From Violin Bow to Tennis Racket

5 February 2014

Globetrotting violinist Pinchas Zukerman is a regular guest in Budapest, but to date he has not performed at the Liszt Academy. And yet Pinchas Zukerman is connected to the Academy by numerous strands and may almost be regarded, indirectly, as one of its students.

Pinchas Zukerman began playing the recorder at the age of four, then he turned to clarinet and "only" picked up the violin bow at the age of eight. At first he was taught by his violinist father, but then he became a student of Hungarian Ilona Fehér at the Tel Aviv Music Academy, which was largely established by Hungarian emigrants. Fehér graduated from Jenő Hubay's class and has lived in Israel since 1949, giving up her career as a soloist. She instilled the basics of the legendary Hungarian violin school into her students, including Shlomo Mintz and the young Zukerman. When Zukerman turned twelve, Pablo Casals and Isaac Stern took notice of him during one of their tours and when with their encouragement he entered the Juilliard School in 1962, Stern became his legal guardian.

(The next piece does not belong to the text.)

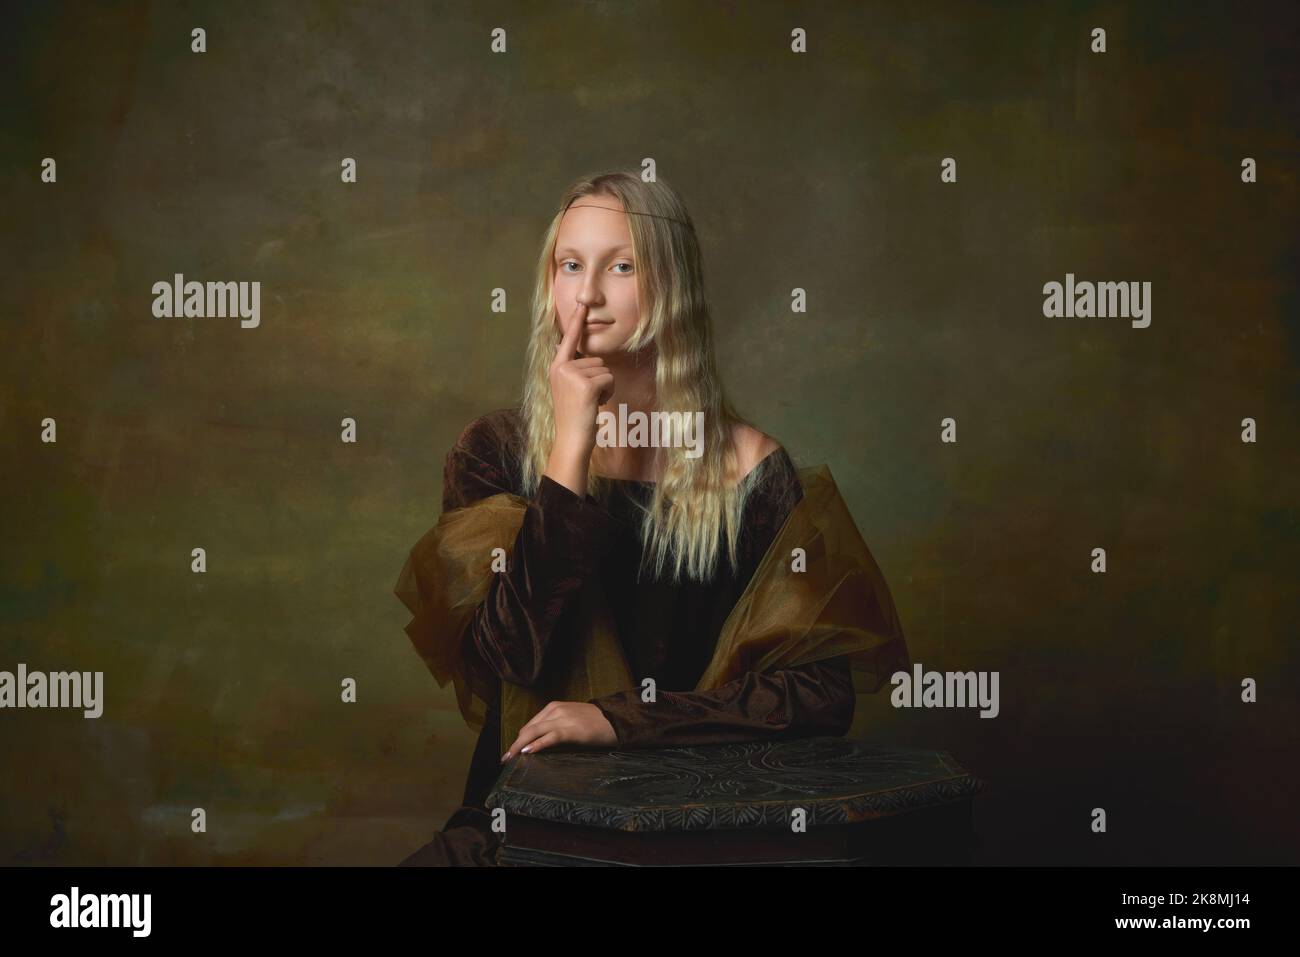 Schlechte Habits. Schüchternheit junges Mädchen als Mona Lisa Bild posiert über dunklen vintage Hintergrund. Retro-Stil, Kunst, Mode, Vergleich von Epochen Konzept. Stockfoto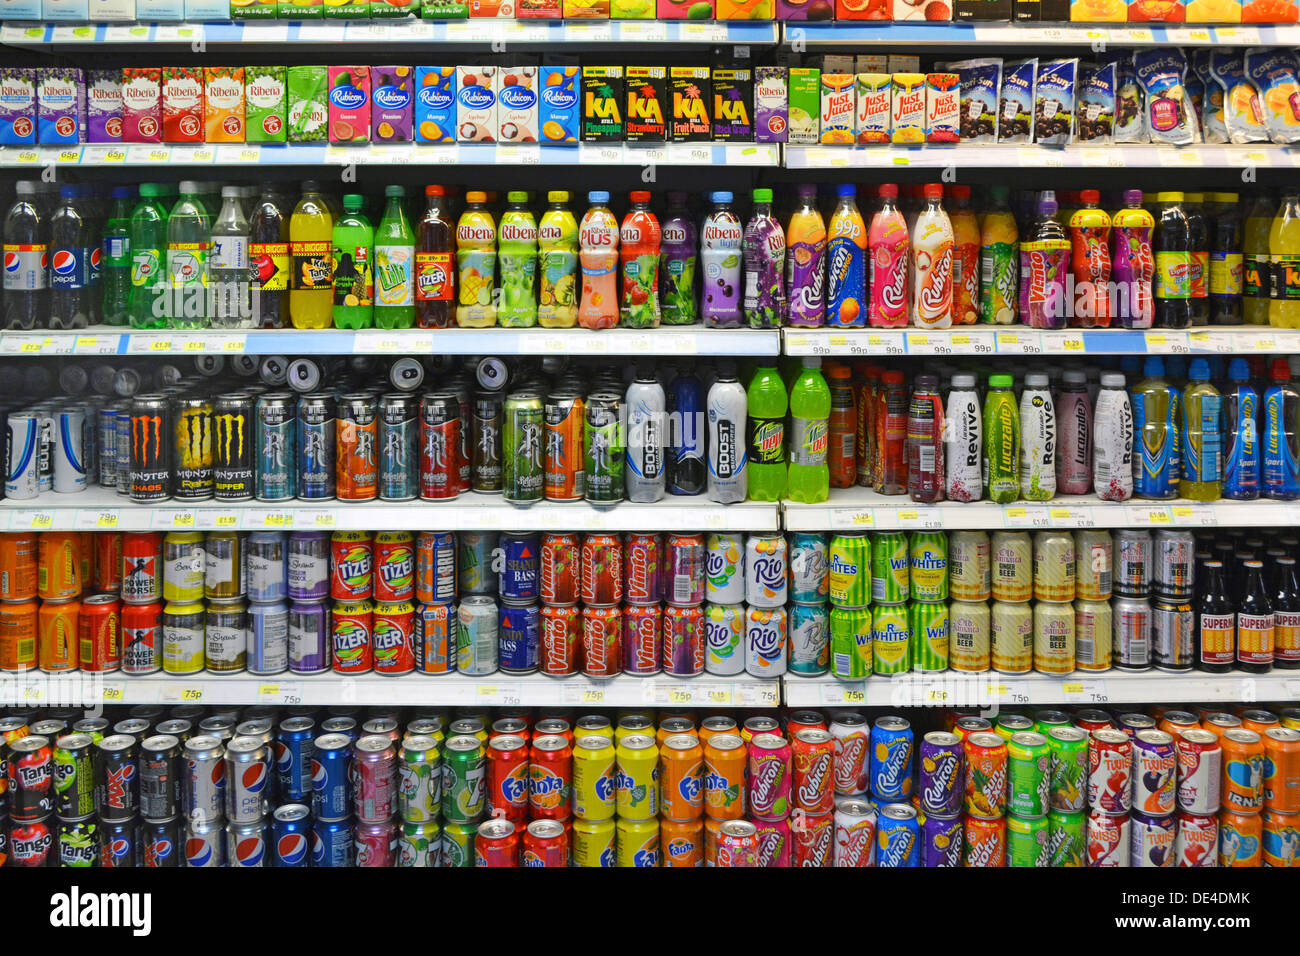 Canettes et bouteilles de boissons gazeuses taxe possible sur certaines boissons gazeuses sucrées à haute teneur en sucre et gazeuses co2 vues sur les étagères à l'intérieur de la boutique de proximité Londres Angleterre Royaume-Uni Banque D'Images

In New York Zukerman became a true American: his good looks which put Hollywood actors to shame, his joyous gestures and wide smile, and of course his violin playing unmistakably stamped him as a product of the New World. But beneath his "very American" exterior, there was concealed the true key to his success: as the master violin maker Tamás Guminár encapsulated, he embodied "all the traditions of the Hungarian, French, Russian and Jewish violin schools of the past."

Photo: Cheryl Mazak

The star violinist is now sixty-five and his recordings have been nominated for Grammy prizes on twenty-one occasions. However in his twenties, Zukerman became a little bored with just being a soloist and seriously considered becoming a professional tennis player. He always took an old style wooden racket in his violin case and wherever he performed in the world, he would be sure to drive from the airport straight to the nearest tennis club, and then rush back to the court after rehearsals. Luckily for music lovers, he decided to stick to his initial profession and instead poured his excess energy into conducting, teaching and playing chamber music.

He first became a conductor with the English Chamber Orchestra, then for seven years was the music director of the Saint Paul Chamber Orchestra (the only standing professional chamber orchestra in the USA). In 1993 he began teaching at the Manhattan School of Music in New York, and as he was constantly engaged across the world as both soloist and conductor, became a pioneer in the trend for internet-based distance teaching in music. In 1998 he accepted the post of leader of Canada's National Arts Centre Orchestra, and in Ottawa launched some wide-ranging teaching programmes. This is where he met his third wife, some twenty years his junior, Amanda Forsyth. The charming cellist happened to be the leader of the cello section of the orchestra and a member of the Zukerman Chamber Players which her husband founded in 2002. Indeed, Zukerman accompanied the ensemble to Budapest in 2011.

So, February 2014 will be the first time Pinchas Zukerman has performed at the Liszt Academy. From his perspective, it is the venue that provides the novelty. For the Budapest audience, they will have the privilege of experiencing all facets of this well-travelled musician: on this occasion Zukerman will be playing the violin, performing chamber music and conducting. And to top it all, maybe he will be holding improvised masterclasses during rehearsals– as he has done before – for the luckiest talents of the Liszt Academy. At least, as long as he isn't seduced away to play a game of tennis!